Tuesday, October 21, 2003

What is Worse, To Be Wrong, or to Have Never Been?

The Gregg Easterbrook thing... pretty distrubing. First off, Easterbrook's statement on Jews, Hollywood, and profiting from violence- pretty off base. I think Talking Points has it right, "It seemed out of context not only for the writer, but even in the post itself."

That said, I find the goings on with ESPN to be more disturbing. Why more disturbing? Because, be this an aberration on Easterbrook's part or not, what is his influence? Particularly posting on a New Republic blog? a) Is he even reaching an audience sympathetic to the hate in the statement? b) As many have reacted to this (outside of the chattering opinion journalists who travel in his circles) "who the hell is this Easterbrook fellow in the first place?" It's a comment which will not echo forth (at leat in those circles), may very well not represent the man, and likely did not impact much of anything on its own.

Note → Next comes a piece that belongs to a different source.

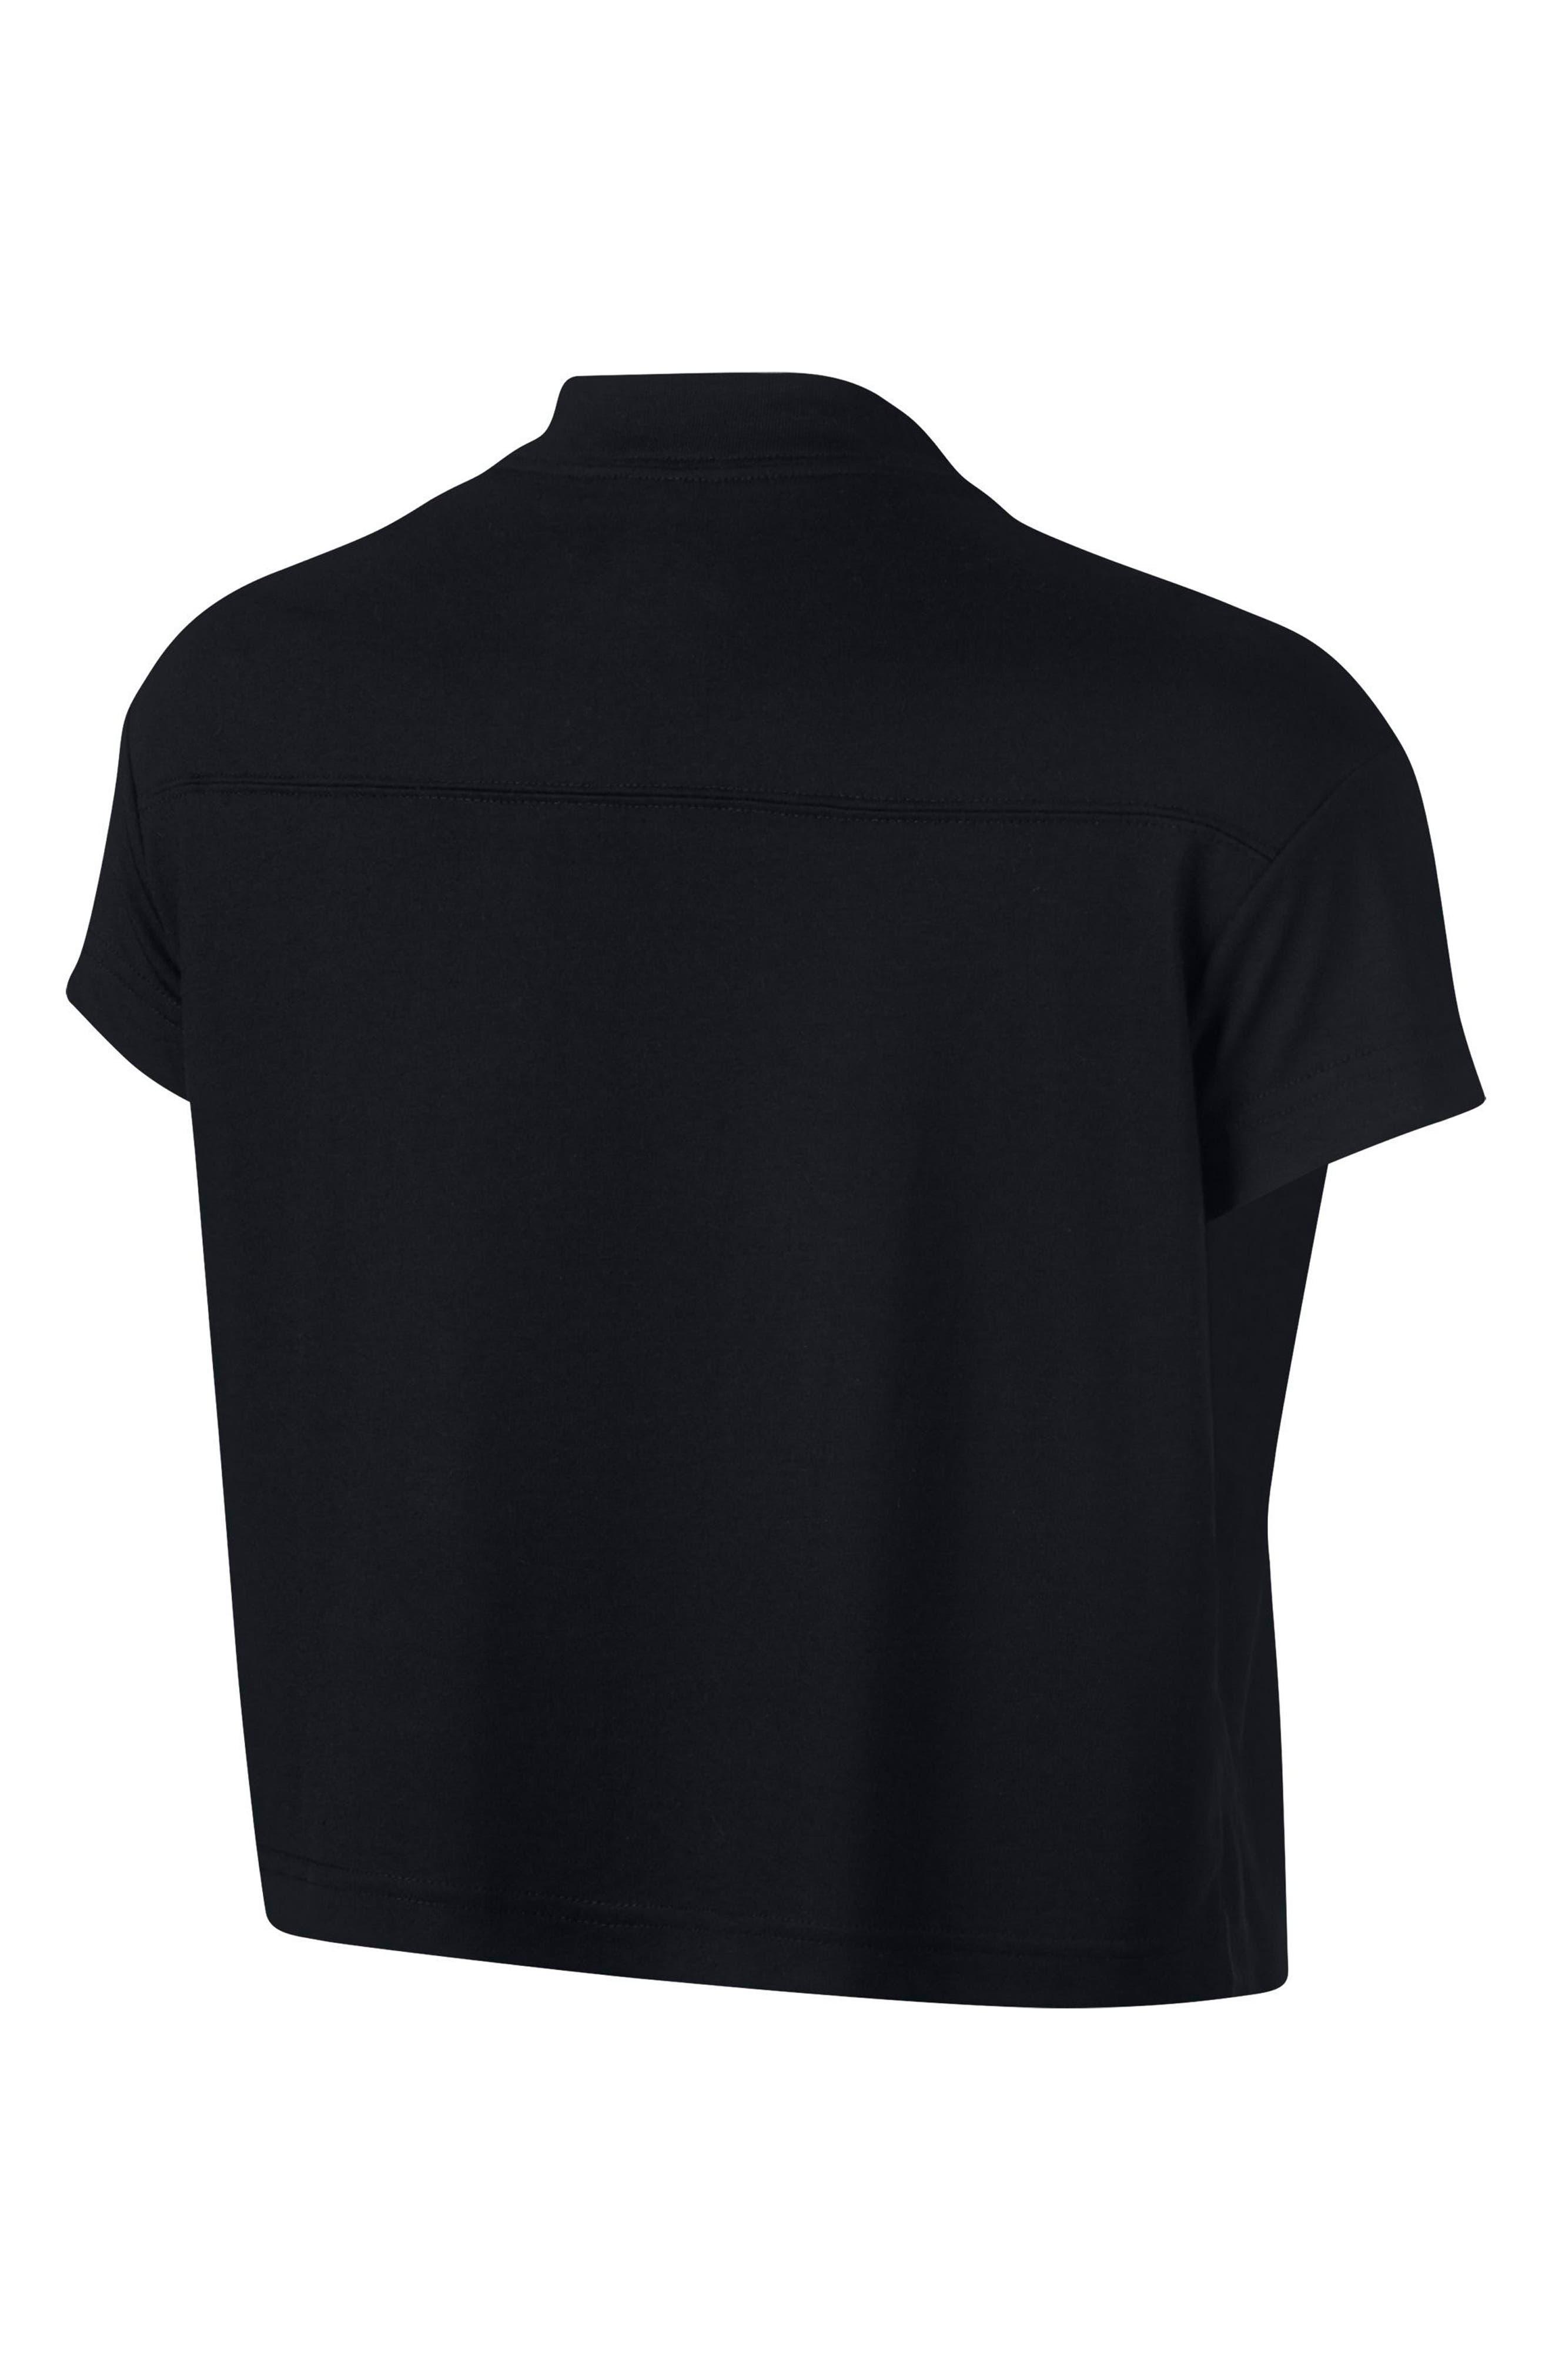 Sportswear Short Sleeve Crop Tee,                             Alternate thumbnail 2, color,                             010

Back to ESPN, they have apparently fired Easterbrook- a move I consider silly and ill considered- and removed every trace of his "Tuesday Morning Quarterback" columns from their website- a move I consider deeply troubling and borderline inconceivable. I should add that I enjoy reading his TMQ columns from time to time for the different perspective they bring to the coverage. Firing Easerbrook silly and ill considered? He did not use ESPN to spout this nonsense. He, and this may simply be my lack of sensitivities here, did not say anything "beyond the pale" which would make him unfit to publish regardless of the forum or subject matter (and this is not likely a beyond the pale moment as TNR isn't dropping him). Easterbrook did name Disney chief (which owns ESPN) Mike Eisner (see Shrek for a former employee's opinion of him) in his smear. Making this look more petty than principled- though that may simply be the appearance of it. As for the firing, Rush Limbaugh got a job on ESPN having said some pretty hateful things over the years and was welcome to keep his ESPN gig and say some pretty hateful things in other forums. Ditto for Michael Savage at MSNBC this summer. It's not a line which liberals much liked, but so long as they kept themselves clean and mainstream they were welcome on mainstream outlets. They were willing to distinguish (I would say create, but anyway) alternate personas for alternate venues. But not in Easterbrook's case. And that is silly and ill-conceived.

The deletion of his columns however, is what has moved me to commit my thoughts to keystrokes (in spite of the space if I've given to lesser issues in this post... the whole thing is just odd). It's possible that Easterbrook continued to own his TMQ columns after publication and upon termination took them "with" him. Maybe ESPN hasn't done anything untoward, but part of what I'm about to say remains either way. The deleting of his columns, rigging the search feature to not return any results for Easterbrook or TMQ (try it, it's scary), it's actually Orwellian. I hate using that overused term. But it is like he never worked there, like TMQ never existed. And that is petty, but also disturbing. If I read back issues of the newspaper, shamed and fallen columnists words still exist. They are still there. TMQ was something, it was part of ESPN's quilt of NFL coverage, and it is now as if there were a whole in their coverage over the past few years. Whether ESPN has acted in an untoward manner regarding the columns or not, they need to remain. Same thing for Bill Simmons' "The Sports Guy" columns if he were to quit or Andy Katz's pieces if he were to leave. They need to remain because they are part of historical record. How can we say what sports reporters (and those who play as sports reporters) thought about players if we, in our new digital world, go around removing their columns? They need to remain, because they exist and without the permanent record, we come one too many steps closer to a world in which shared experience disappears, a world in which we are each divorced from that which surrounds... our contemporaries, our ancestors, our future. And that is unacceptable.